When the time (Fourier number) becomes large, the last term on the right-hand side will become zero and the solution is represented by the first two terms only. To simplify eq. (92), let us assume the solution at large Fo can be expressed as

$\theta (X,{\rm{Fo}}) = {\rm{Fo + }}f(X) \qquad \qquad(93)$

which is referred to as an asymptotic solution and it must satisfy eqs. (61) – (63). Substituting eq. (93) into eqs. (61) – (63), we have

$f''(X) = 1\qquad \qquad(94)$
$f'(0) = - 1,{\rm{ }}f'(1) = 0\qquad \qquad(95)$

Integrating eq. (94) and considering eq. (95), we obtain

$f(X) = \frac{{{X^2}}}{2} - X + C\qquad \qquad(96)$

where C cannot be determined from eq. (95) because both boundary conditions are for the first order derivative. To determine C, we can expand f(X) defined in eq. (96) into cosine Fourier series, i.e.

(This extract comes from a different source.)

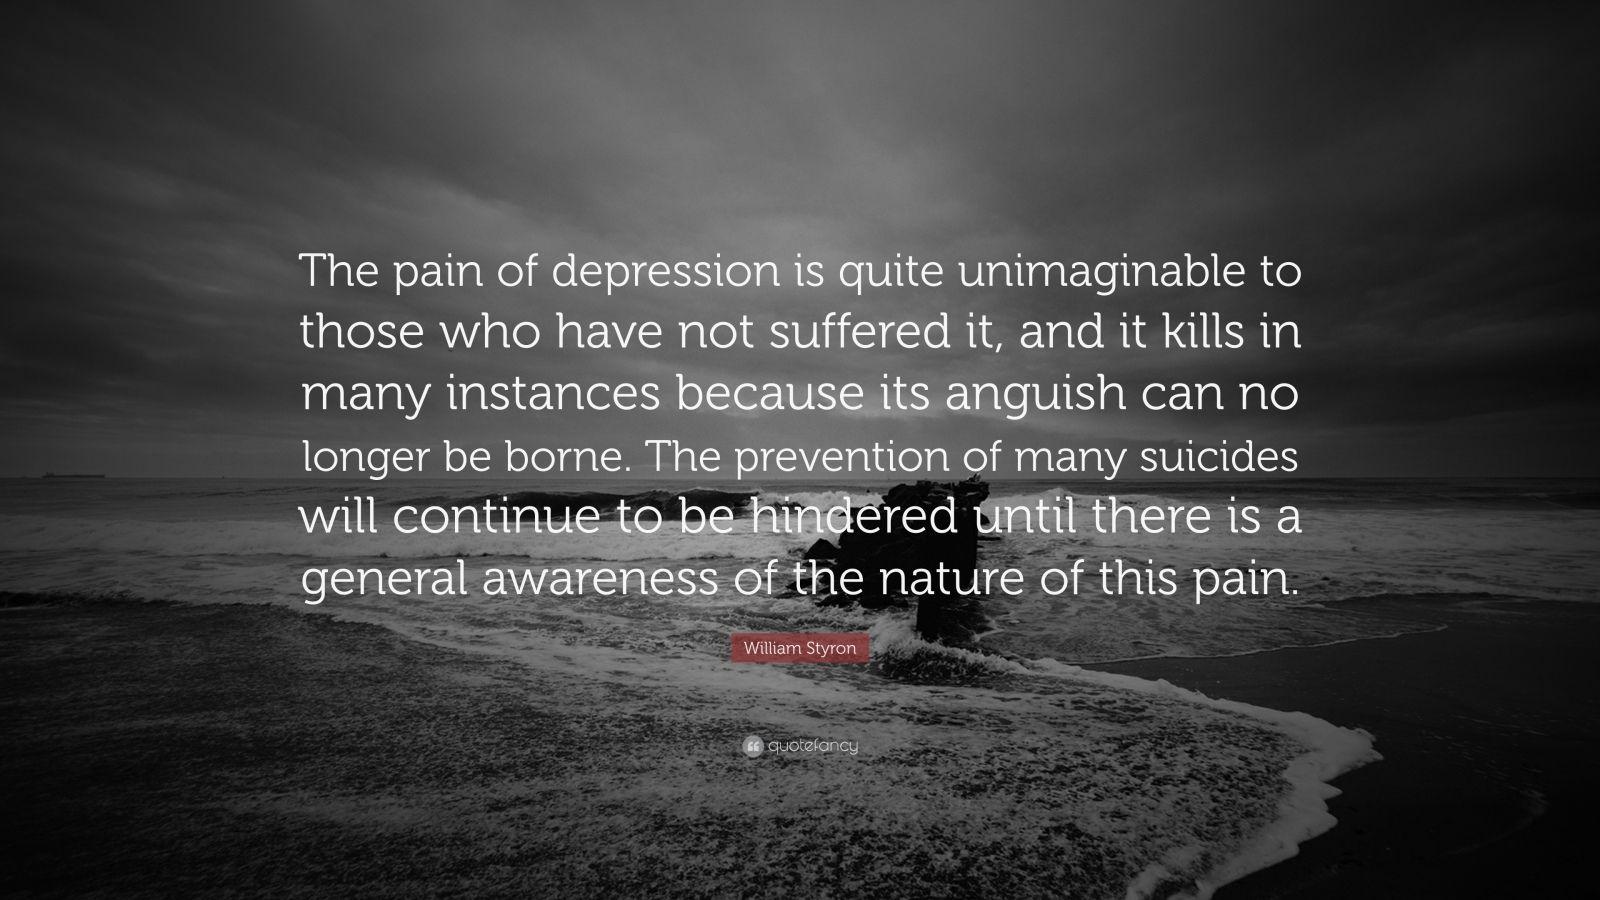 william styron essay on depression 403 Forbidden

$f(X) = \frac{{{X^2}}}{2} - X + C = {a_0} + \sum\limits_{n = 1}^\infty {{a_n}\cos (n\pi X)} \qquad \qquad(97)$

After determining a0 and an, and considering that f(X) is identical to the second term on the right-hand side of eq. (92), we have

$\frac{{{X^2}}}{2} - X + \frac{1}{3} = \frac{{\rm{2}}}{{{\pi ^{\rm{2}}}}}\sum\limits_{n = 1}^\infty {\frac{{\cos \left( {n\pi X} \right)}}{{{n^2}}}} \qquad \qquad(98)$

Substituting eq. (98) into eq. (92), the final solution becomes

$\theta (X,{\rm{Fo}}) = {\rm{Fo + }}\frac{{{X^2}}}{2} - X + \frac{1}{3} - \frac{{\rm{2}}}{{{\pi ^{\rm{2}}}}}\sum\limits_{n = 1}^\infty {\frac{{\cos \left( {n\pi X} \right)}}{{{n^2}}}{e^{ - {{(n\pi )}^2}{\rm{Fo}}}}} \qquad \qquad(99)$

## References

Faghri, A., Zhang, Y., and Howell, J. R., 2010, Advanced Heat and Mass Transfer, Global Digital Press, Columbia, MO.

Incropera, F.P., Dewitt, D.P., Bergman, T.L., and Lavine, A.S., 2007, Fundamentals of Heat and Mass Transfer, John Wiley & Sons, Hoboken, NJ.